Well, I'm not Swedish, but as far as I know, both of them can actually be used to say "finish". Sluta is just.. much more common and used more often, because avsluta can't be used in many cases. Avsluta can ONLY mean to finish something, whereas sluta simply means to "stop", which, as in English, can kind of mean both.
Also, I don't think you can use avsluta when you talk about the act of mowing the lawn because:
- You use *sluta *when you stop doing something / end an action. (Han slutade _skriva_ brevet)
- You can only* avsluta* nouns which have a "hidden timeline". Meetings, letters, dinners, flights, drives, movies, educations, school and so on. (Han avslutade _brevet_)

So in short, avsluta means "to finish", but can only be used in certain situations.
Sluta means "to stop", "to end", "to quit" etc., and thus vaguely carries the meaning of "finish".


----------



## Gavril

Raigeki said:


> Well, I'm not Swedish, but as far as I know,  both of them can actually be used to say "finish". Sluta is just.. much  more common and used more often, because avsluta can't be used in many  cases.
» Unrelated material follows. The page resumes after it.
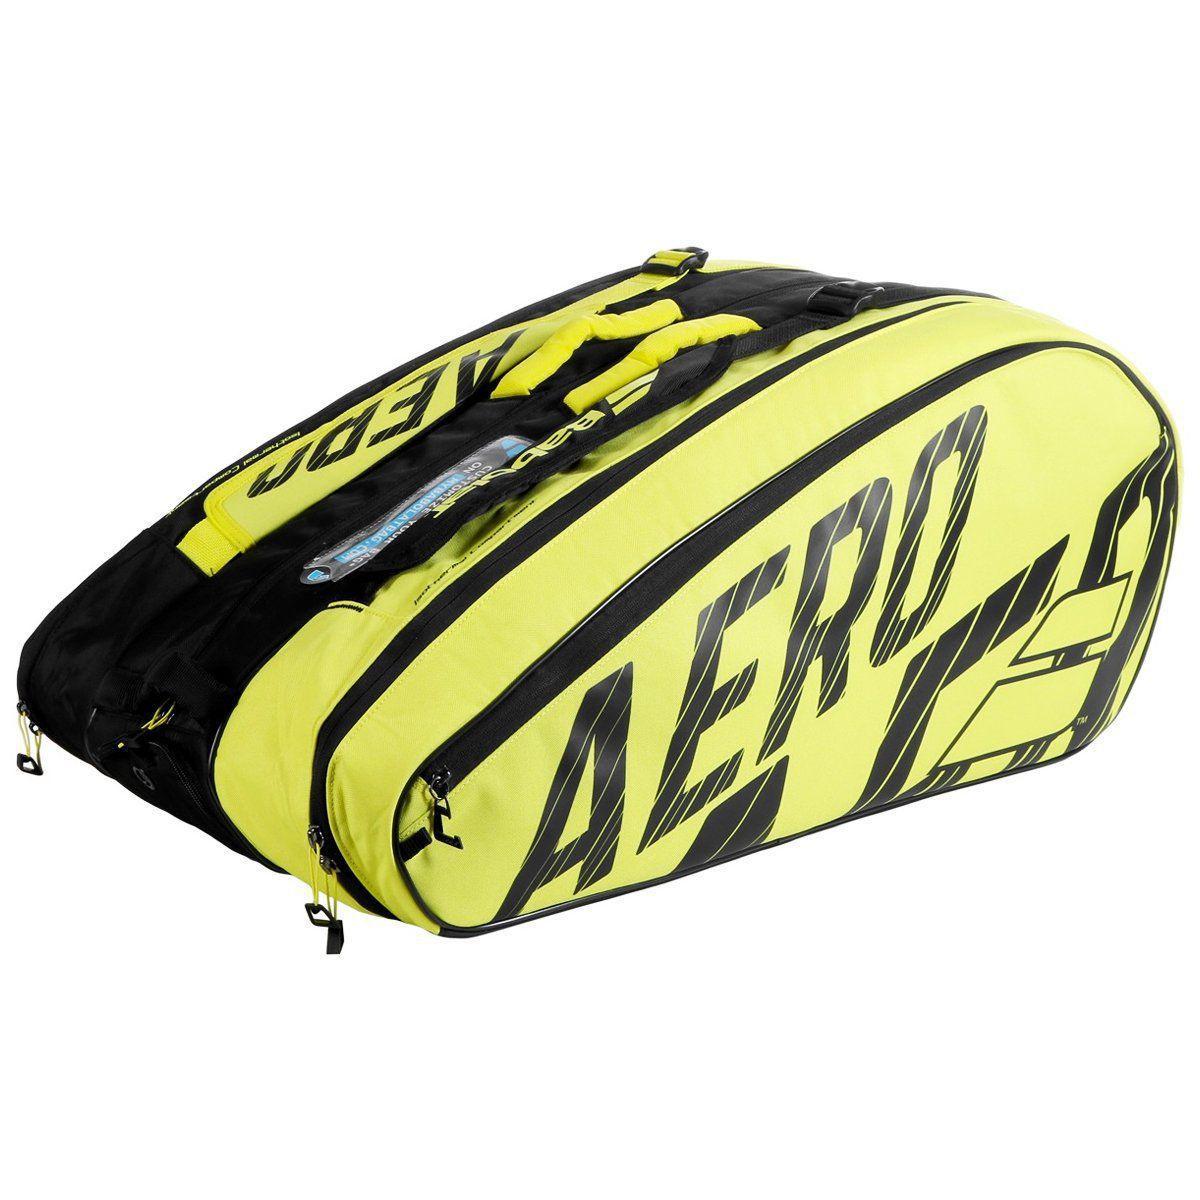 Raqueteira Babolat Pure Aero R12 Térmica - 2021  - PROTENISTA

Avsluta can ONLY mean to finish something, whereas sluta simply  means to "stop", which, as in English, can kind of mean both.



I think the overlap between _finish_ and _stop_ in English is somewhat limited. E.g., _to *finish *mowing the lawn_ means that you mow the whole lawn,  whereas _to *stop *mowing the lawn_ suggests that you abruptly stop  mowing for other reasons than because you completed the task.



> Also, I don't think you can use avsluta when you talk about the act of mowing the lawn because:
> - You use *sluta *when you stop doing something / end an action. (Han slutade _skriva_ brevet)
> - You can only* avsluta* nouns which have a "hidden  timeline". Meetings, letters, dinners, flights, drives, movies,  educations, school and so on. (Han avslutade _brevet_)



But how does writing a letter have a timeline in a way that mowing the lawn doesn't?


----------



## MattiasNYC

Gavril said:


> how does writing a letter have a timeline in a way that mowing the lawn doesn't?



I don't think it does, I think it's the same. You can stop mowing your lawn just as you can stop writing a letter while neither is finished. Similarly, you stop in both cases when you in fact are finished.


----------



## Raigeki

A letter = a noun with "a hidden timeline" because it takes time to write a letter and it requires effort and thougt.
>Mowing< the lawn = a verb / action.

That's what I'm trying to say: Avsluta is only used with nouns. You need to turn "klippa gräsmattan" into a noun to be able to use avsluta. Klippa is a verb so you cannot use avsluta. Have you noticed that in your example with the letter, there is no "skriva" in the sentence with avsluta? He finished the letter itself, the noun  han avslutade >brevet<.

Avsluta carries a feeling of completeness. It's like saying "wrapping up the xxx", "putting an end to the xxx", "getting done with the xxx", "finishing the xxx" and so on. 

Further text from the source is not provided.